La retórica, una disciplina en el olvido
Héctor M. Magaña
Estamos en tiempos electorales, y la verdad, me sorprende cuanto dependemos de los “actos” políticos en lugar de los discursos; cuanto tomamos de las estadísticas en lugar de propuestas políticas convincentes y racionales.
Frente a políticos que quieren parecer naturales, que quieren parecer que “conecten” con el pueblo, hemos olvidado el discurso inteligente; en su lugar impera la retórica por aforismos “light” y lugares comunes. La labor política se ha perdido en lo insípido, lo fácil y pegajoso. El discurso político, como escribió Cicerón, es el arte de la oratoria. Hay que recordarlo nuevamente.
La labor de la retórica tiene una larga data en el mundo antiguo. Antes de que el evangelio juanista sentenciara que el “logos” era Dios, el mundo grecolatino le había dado un gran peso a la palabra (y/o a la razón). Los sofistas, los retóricos, los sabios, los filósofos, chamanes y magos-pitagóricos sabían que la palabra era cosa sagrada, una “pharmakón”.
¿Qué es un “pharmakón”? Un instrumento que puede servir tanto para sanar como para matar. No es de extrañar que, si consideramos a “logos” como “pharmakón”, el mismo discurso podía ser tanto como edificante (“Es elocuente quien dice con agudeza las cosas humildes; con galanura y esplendidez las de más alta categoría, y en estilo templado las cosas medianas”) como pernicioso (“El que seduce a un juez con el prestigio de su elocuencia, me parece más culpable que el que lo corrompe con dinero”).
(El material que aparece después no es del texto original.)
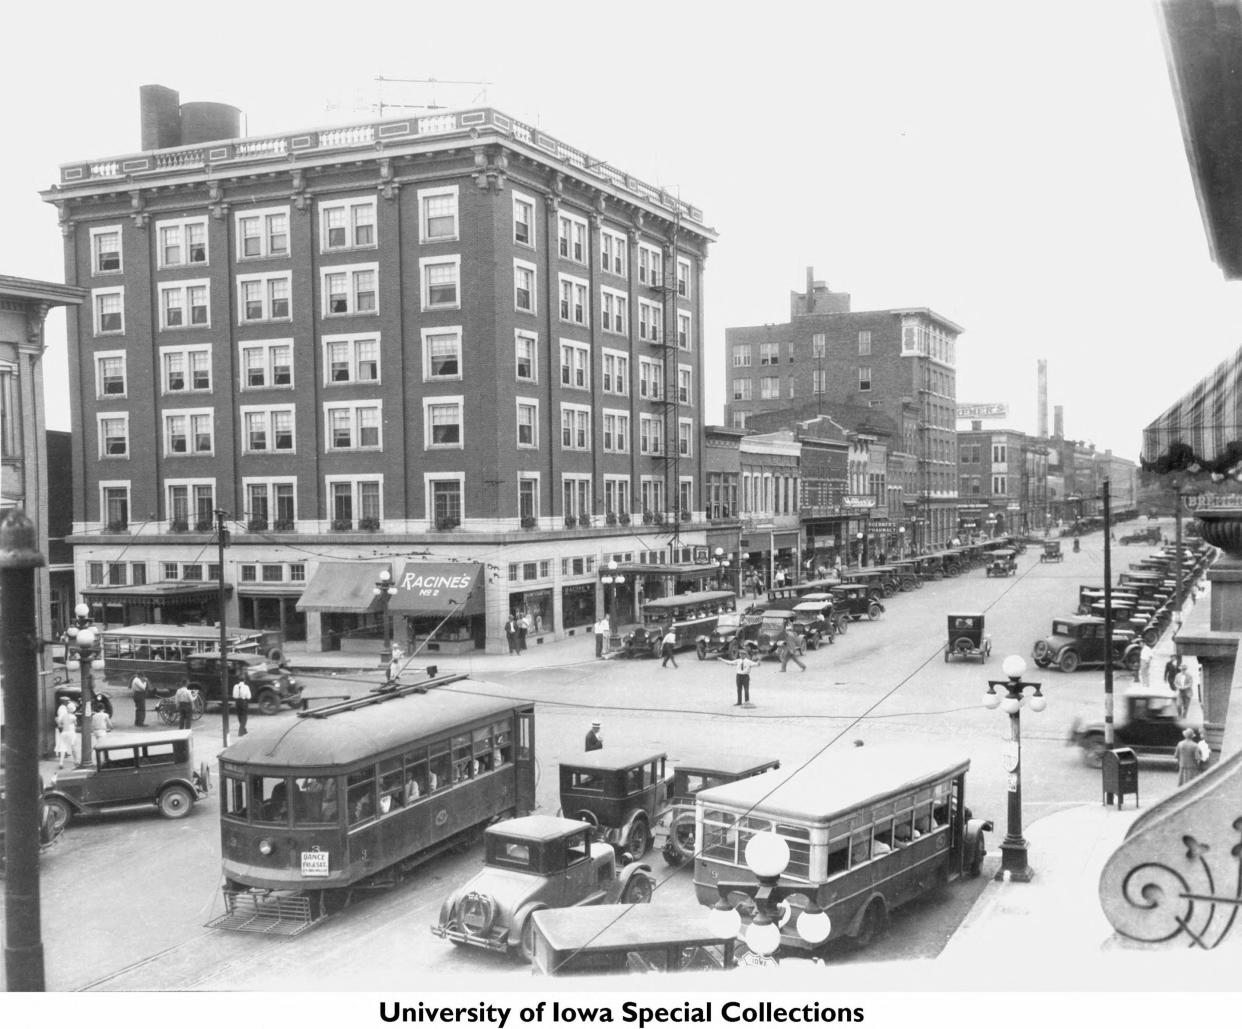 You can see three modes of early transportation – cars, busses, and a trolley -- in this 1920s vintage photo looking west on Washington Street toward the historic Jefferson Hotel in a thriving downtown Iowa City.

No obstante, la supuesta ausencia de él en la actualidad no significa que la retórica ha desaparecido sino que dicha retórica se ha degradado; ha olvidado su función imperativa. El discurso de Twitter, el “oral casual” y “dicharachero”, es aún, a pesar de todo una retórica, aunque la más perniciosa por su falta de originalidad.
¿Qué es un discurso retórico que haga gala de la oralidad como sumo arte? Ante todo, no excluye la falta de palabras familiares sino que con o sin uso del lenguaje coloquial, el propio discurso puede o no puede reflejar un verdadero “ethos” o credibilidad. Una auténtica credibilidad que se pierde en un “pathos” (o emotividad) que en lugar de ser catártico, como pensaba Aristóteles, enerva a las multitudes carentes de “logos”.
Un verdadero arte retórico es tripartita (ethos, pathos, logos), pero desgraciadamente en la era “liquida” como la llama Z. Bauman, es en esencia puro “pathos” irracional y poco factible pero que convierte a cualquiera en un populista que lanza sus pablaras como hechizos, aunque en el fondo, lo que vemos es un vacío sin contenido sustancial alguno.